I'm trying to solve this integral, but after more than an hour I can't figure it out. I've outlined my thinking below.
$$ \int \dfrac{dx}{x^2\sqrt{4x^2+9}} $$
- If we let $\ a=3 $ and $\ b=2 $, the radical in the denominator fits the form $\ \sqrt{b^2+a^2x^2} $. This makes me think this is a trig substation problem. From the looks of the radical in the denominator $\sqrt{9+4x^2} $, this seems like a trig substitution problem.

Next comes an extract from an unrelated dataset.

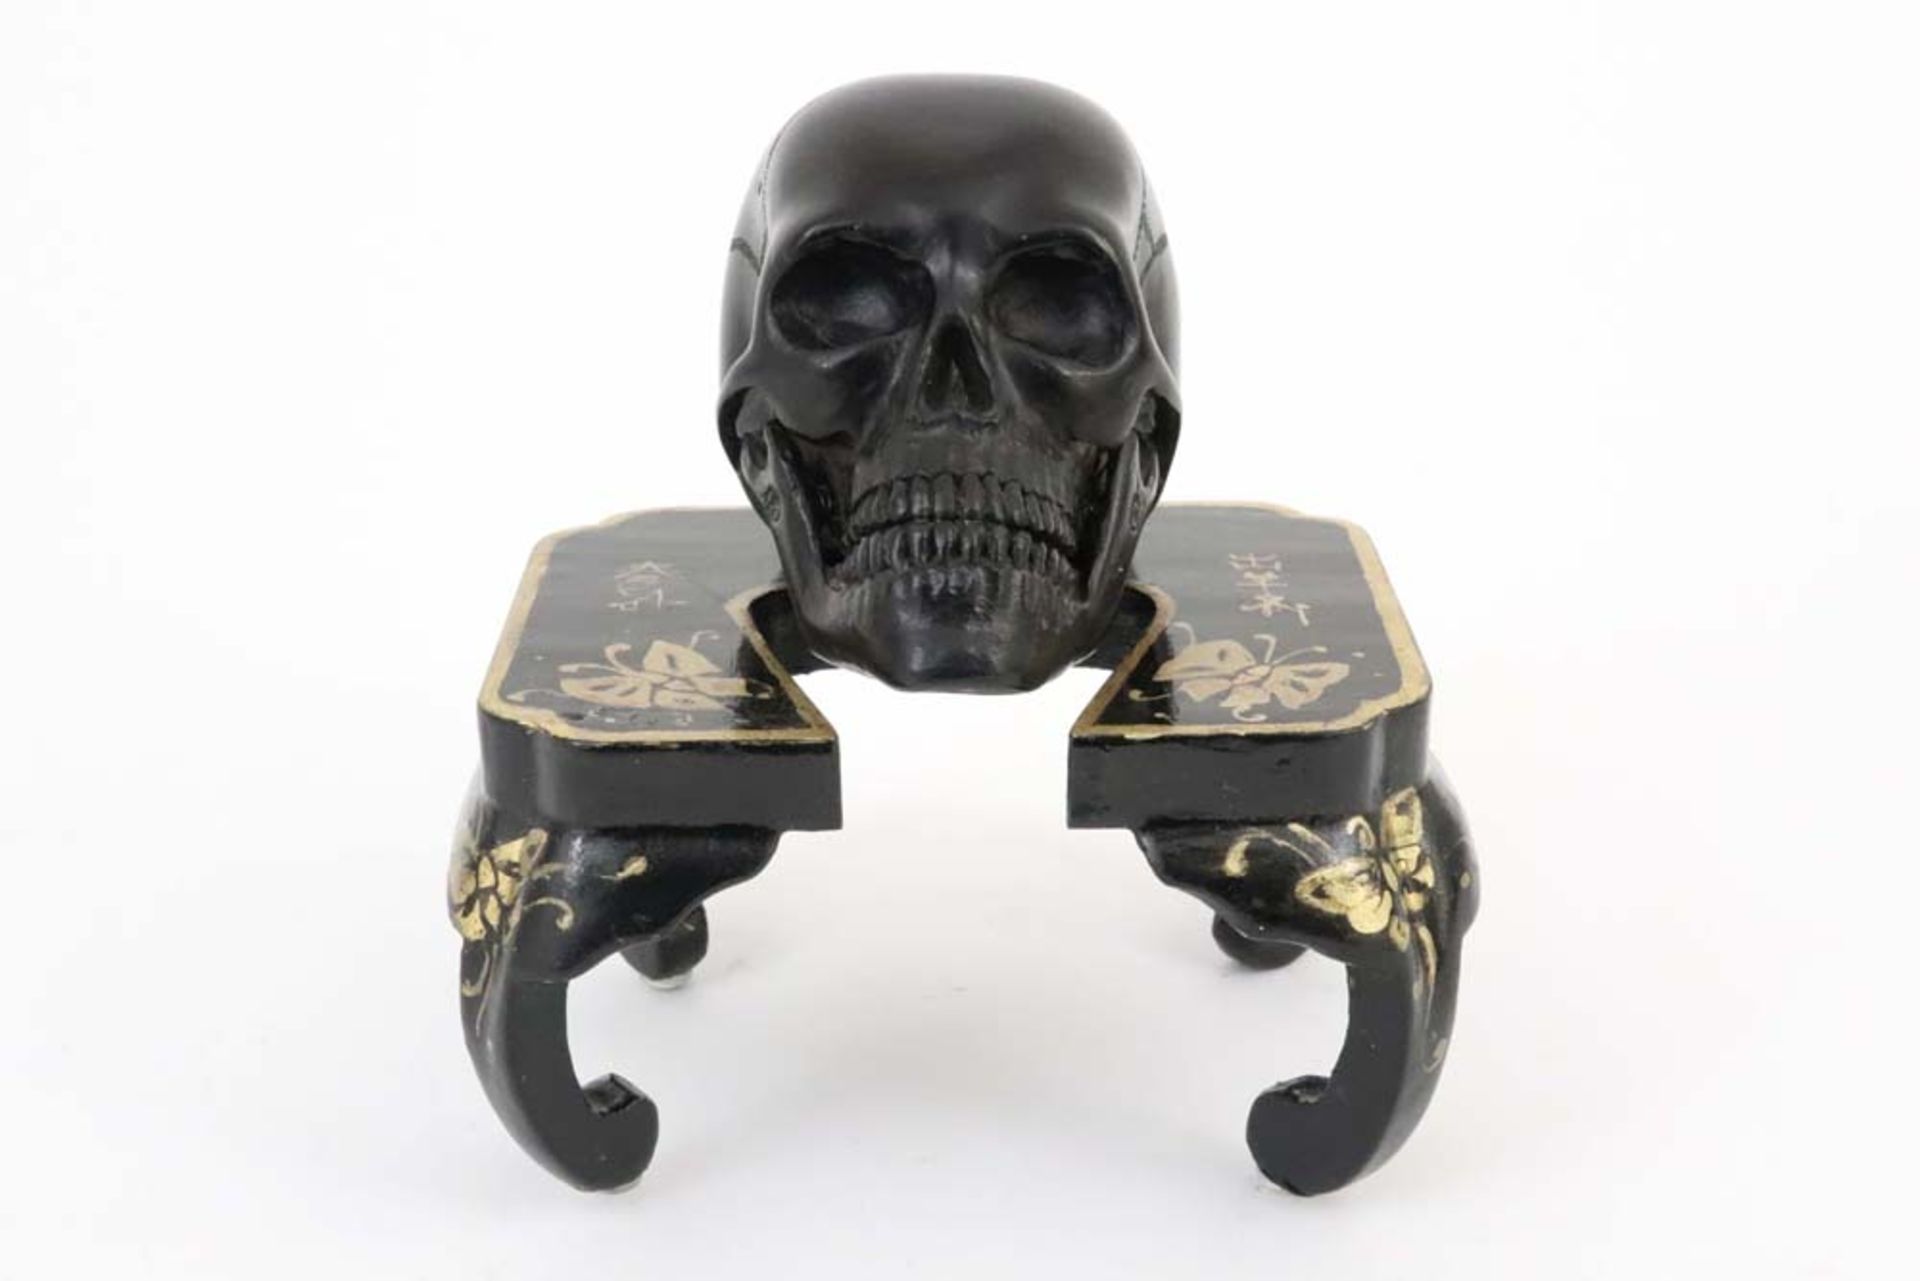 antique Japanese Meiji period sculpture with a wooden skull on a lacquered table || Antieke

- I make the substitution $\ x=\dfrac{3}{2}\tan\theta $ and $\ dx=\dfrac{3}{2}\sec^2\theta $. I then have: $$ \int \dfrac{3}{2}\dfrac{\sec^2\theta}{\dfrac{9}{4}\tan^2\theta\sqrt{9+4(\dfrac{9}{4}\tan^2\theta)}}d\theta $$
- I pull the constants out of the integral by the constant multiple rule: $$ \dfrac{12}{18} \int \dfrac{\sec^2\theta}{\tan^2\theta\sqrt{9+4(\dfrac{9}{4}\tan^2\theta)}}d\theta $$
- After simplifying the radiand, I get $\sqrt{9(1+\tan^2\theta)}$, which allows me to eliminate the radical entirely by the Pythagorean Identity (also pulling the 3 out of the denominator): $$ \dfrac{2}{9} \int \dfrac{\sec^2\theta}{\tan^2\theta \sec\theta}d\theta $$
- Then I'm stuck after canceling the $\sec\theta$ in both the numerator and the denominator. $$ \dfrac{2}{9} \int \dfrac{\sec\theta}{\tan^2\theta}d\theta $$
I've tried every trig identity I know to try and rewrite $\sec\theta$ and $\tan\theta$ in a way that allows me to simplify or do something and I'm just lost at this point. Can anyone please help point me in the right direction?
Rewrite $\sec$ and $\tan$ in terms of sines and cosines; you'll find that
$$\int \frac{\sec \theta}{\tan^2 \theta} d\theta = \int\frac{1/\cos \theta}{\sin^2 \theta/\cos^2 \theta} d\theta = \int \frac{\cos \theta}{\sin^2\theta} d\theta$$
Now consider a substitution of $u = \sin \theta$.